永雪山スノウマウンテンの最高ランクの万年雪を持っていれば大概のポーションは作れるからな。これの製作者は『薬師』のアンだけど」

「それ、名前だけでワンランクアップするやつな」

「二人に何かあった時も湯水のごとく使うから安心していいぞ」

「カイトの側では絶対に怪我しないから」

「ははっ」


 怪我しないと約束してもらえるのは、それはそれでアリだ。無茶をさせてしまう原因は俺だって自覚もあるし。


「面倒掛けるけど、しばらく頼むな」

「ああ」


 そんな遣り取りをした直後だ。


「先ほどから一体何をしているんだ」と声を掛けて来たのは城から監視として付いて来ていたチェムレの役人で、こいつに習うように複数の気配が警戒を露わにしている。


「怪我人の治療中だよ」とヴィン。

「冒険者だもの、困っている相手は放っておけないわ」とレティシャ。

「怪我人などどこにもいないではないか!」

「正直者にしか見えないんだ」

「ふざけているのか⁈」


 俺が言うと、監視者が大声を上げ、ヴィンが口笛を吹く。


「それ言い得て妙じゃん。カイト巧い」

「俺の故郷の……あー……偉人の言葉だ」

「へぇ、俺も今度使ってみよっと」

「貴様ら……っ、とにかく立て!」


 地面に屈んでいる俺の肩を掴もうと伸ばされた監視人の手、その手首を掴んで問答無用に捻り上げたヴィン。


「うがっ、何をする!」

「何をする、はこっちの台詞だよね。Sランク冒険者を従わせようとすることがどんな事態を引き起こすのか、政に関わっている人間が知らないはずはないんだけど」

「くっ……」

「未遂で済ませてあげたんだよ、感謝して欲しいんだけど」

「あなたたちもね」


 言い放つレティシャは弓を構え、冒険者ギルドの建物上方に向けている。矢は放たれた後で、代わりとでも言うように地面に苦無に似た投擲武器が転がり落ちた。その他、いつでも武器を構えられるよう柄に手を添えているのが数人。いずれもヴィンの警告により固まっている。

 そう。

 使徒がどうの以前に、世界に十二人しかいないSランク冒険者に喧嘩を売るのは愚か者の所業だ。

 ただしいまこの状況下では彼らにも言い分がある。


「例えSランクであろうとも、チェムレ国に不利益をもたらす危険のある者を放ってはおけないのだ!」


 そう。

 彼らがどこまで知っているのかは俺達には判らないが、俺がチェムレを守るつもりでも、それによって不利益を被る人がいるのも、たぶん事実。


「じゃあ力づくでやってみる?」

「城に戻ってもらう……!」


 ヴィンの手を振り払い、逆の手で彼の襟を掴もうと腕を伸ばす。

 直後、身をかがめ相手の足を払いにいくヴィン。

 舞う砂埃。

 強い舌打ち。

 肘撃ち、払い、蹴り、防御。

 濃くなっていく砂塵が彼らの動きを見難くしていくが、打ち合う音はその激しさを増した。

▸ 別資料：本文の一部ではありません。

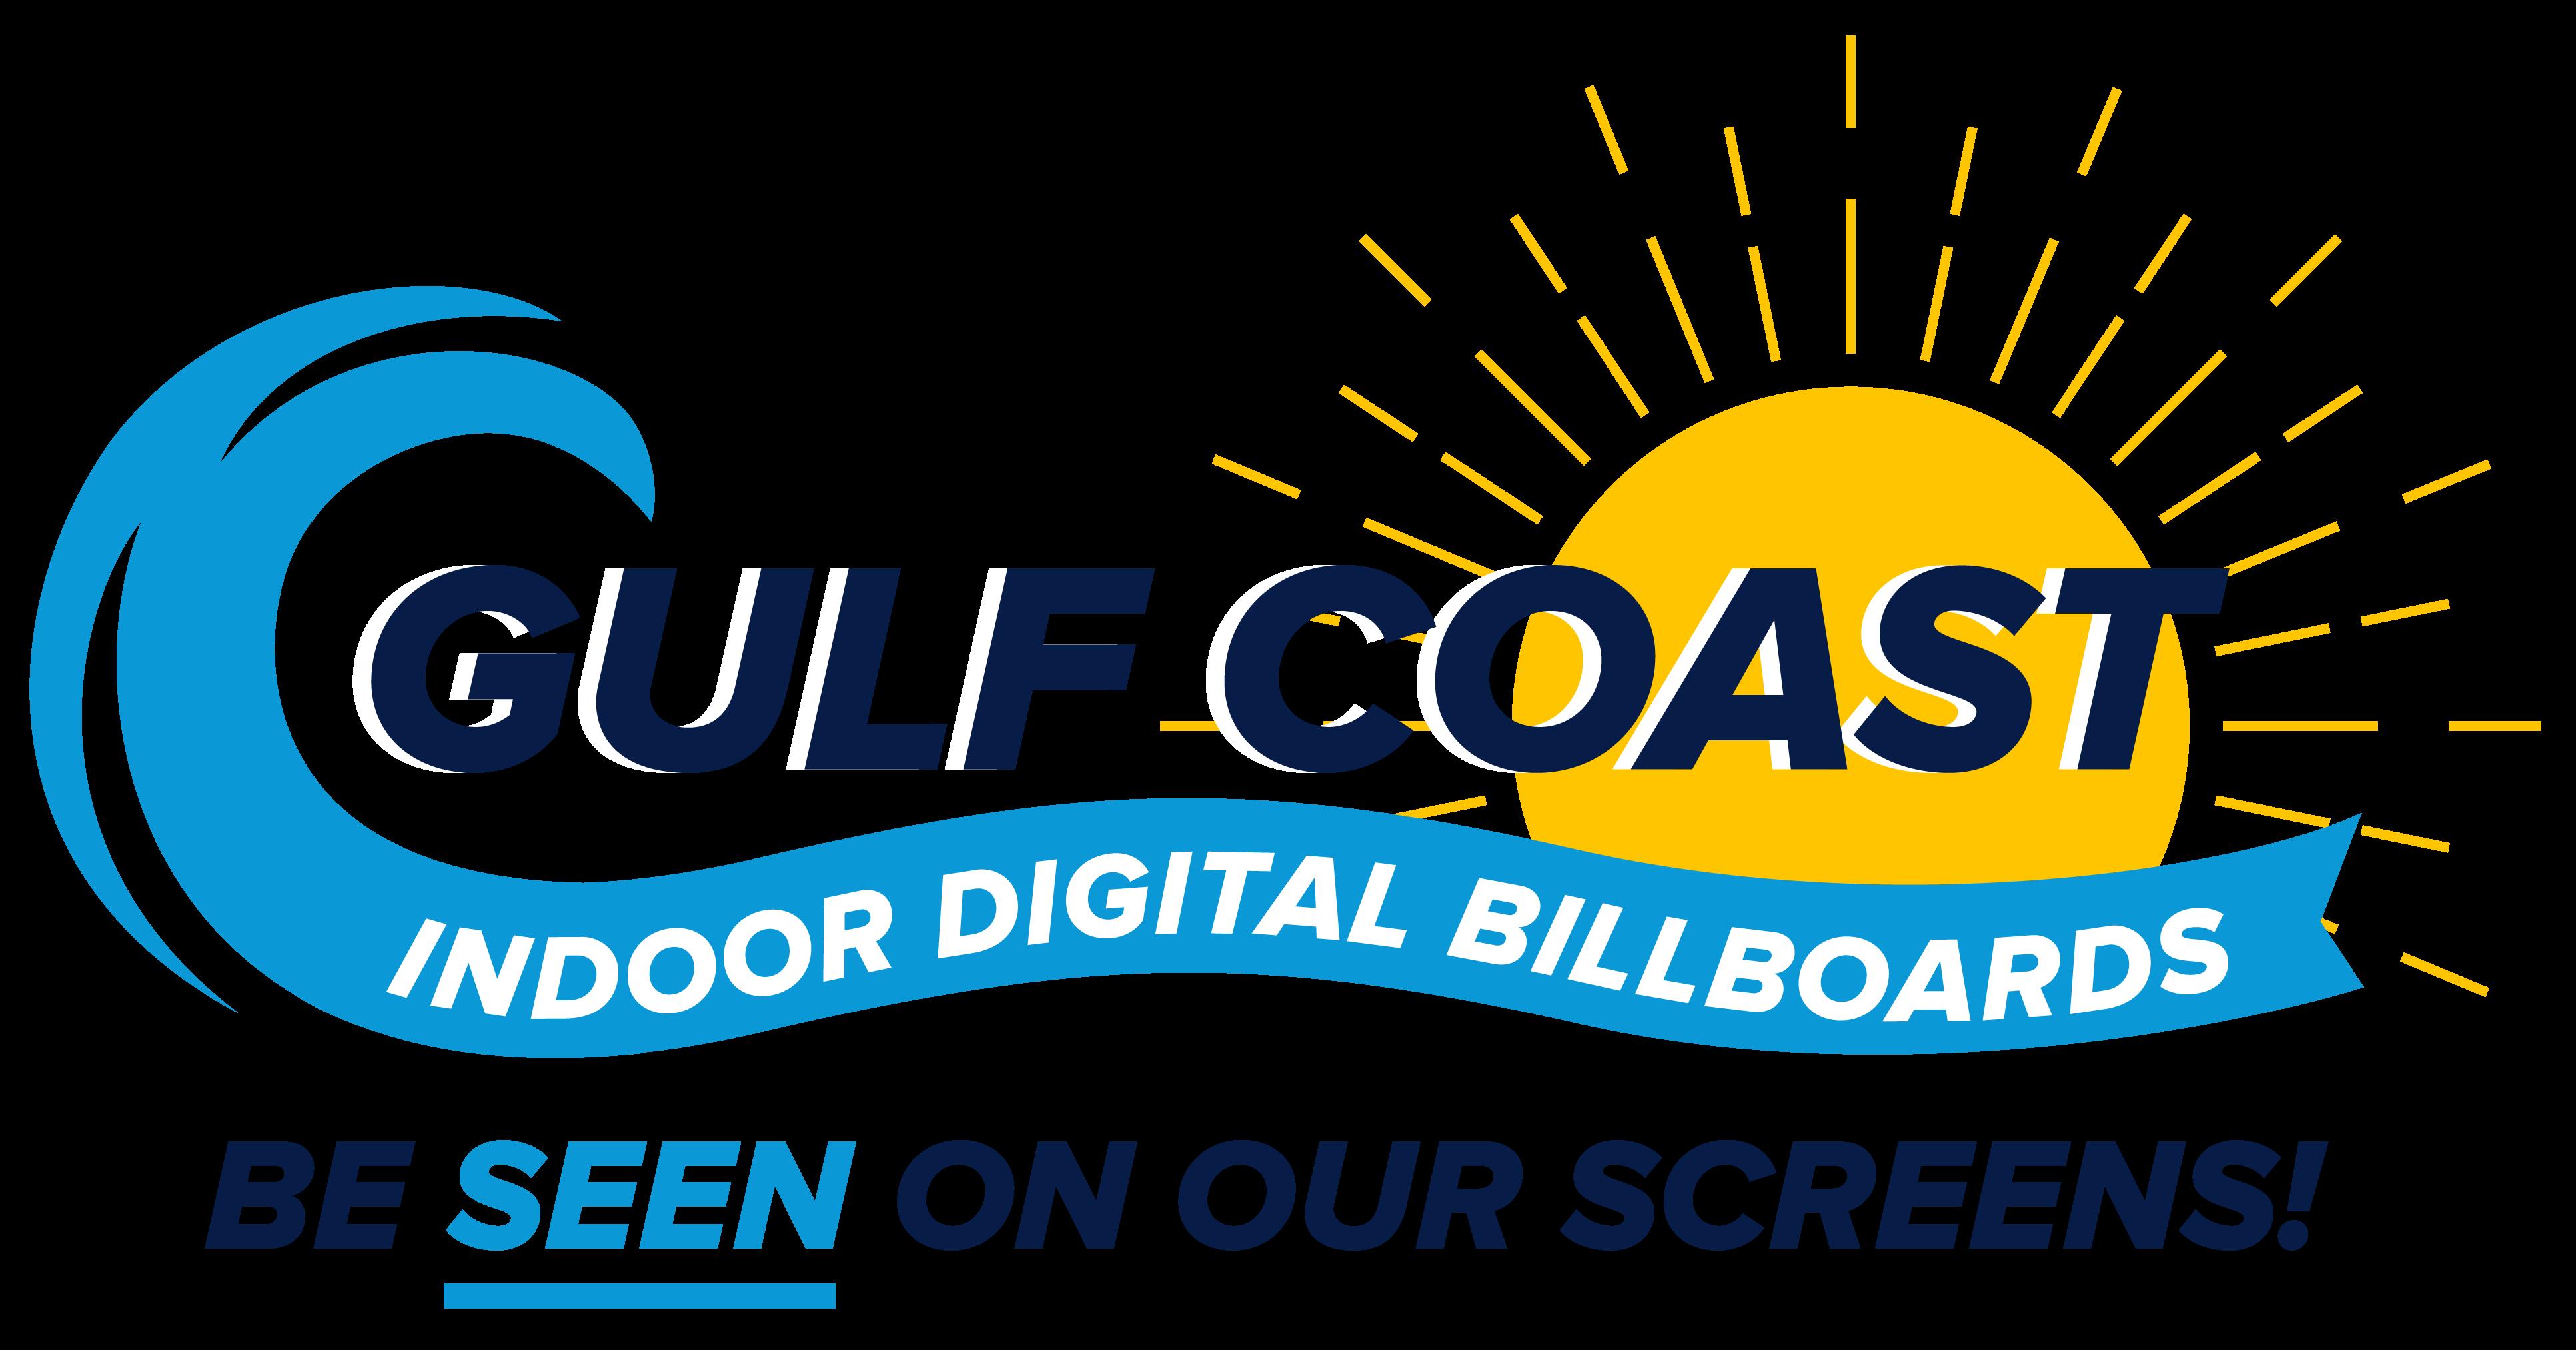 Gulf Coast Indoor Digital Billboards

 一方のレティシャは仕掛けようとする敵の気配を感じ取るなり先手必勝で矢を放ち、その動きを阻害する。

 その内にギルド内の職員達にも騒ぎが伝わったようで「Sランクに手を出すなんて言語道断ですよ!」と甲高い声が響き渡った。

 更に、周囲に集まって来る街の人々。

 何が起きているのか。

 誰が騒いでいるのか。

 スリか、暴漢か、酔っ払いか――そんなざわめきの中で、変化は始まった。


「来たな……」


 思わず安堵の息と一緒に零してしまった呟き。

 ぐらりと足元が揺れる。


「⁈」

「なっ……」

「きゃああっ」


 四方八方から上がる驚愕の声に比例するように大きくなっていく足元の揺れ――地震。

 うん、これは間違いなく大地が、神獣が、体を震わせている。


「っ」


 レティシャとヴィンも立っていられなくなってしゃがみ込み、俺も完全に地面に膝を付く。


「うわあああああっ⁈」

「いやああっ」

「た、助けて……っ」


 ガシャンッ、ガシャンッ、ガガガガッ……!!

 幾つもの破壊音、破砕音、そして、地割れ。


「やばいっ」


 さすがに一般市民に被害が出るのは看過できず風魔法で罅割れ周辺のすべてを吹き飛ばす。

 かなり乱暴ではあったが地裂に落ちるよりはマシだと思って欲しい。

 建物が倒壊する。

 遠く密林からは数多の鳥獣が飛び立つ。

 大地の罅割れから吹き上がって来る強烈な腐臭。


「うっ……」


 俺、ヴィン、レティシャは最初から使っていた風魔法のおかげもあって、何とか堪え切ったものの、周りにはひどい状態になってしまう人が続出。

 さすがにそろそろ落ち着いて欲しいと願ってから数分。

 揺れはようやく収まろうとしていた。


「……大丈夫か」

「な、なんとか……?」

「私も……」


 揺れが収まっても足が立たない。

 足腰も震えているけど頭がふらふらしている。


「これは想定外というか……」


 言っていた、その時だった。


『おまえが使徒だな?』

「――」


 目の前に、ちょこんと。

 縁日で釣られていそうな小さな、小さな、亀がいた。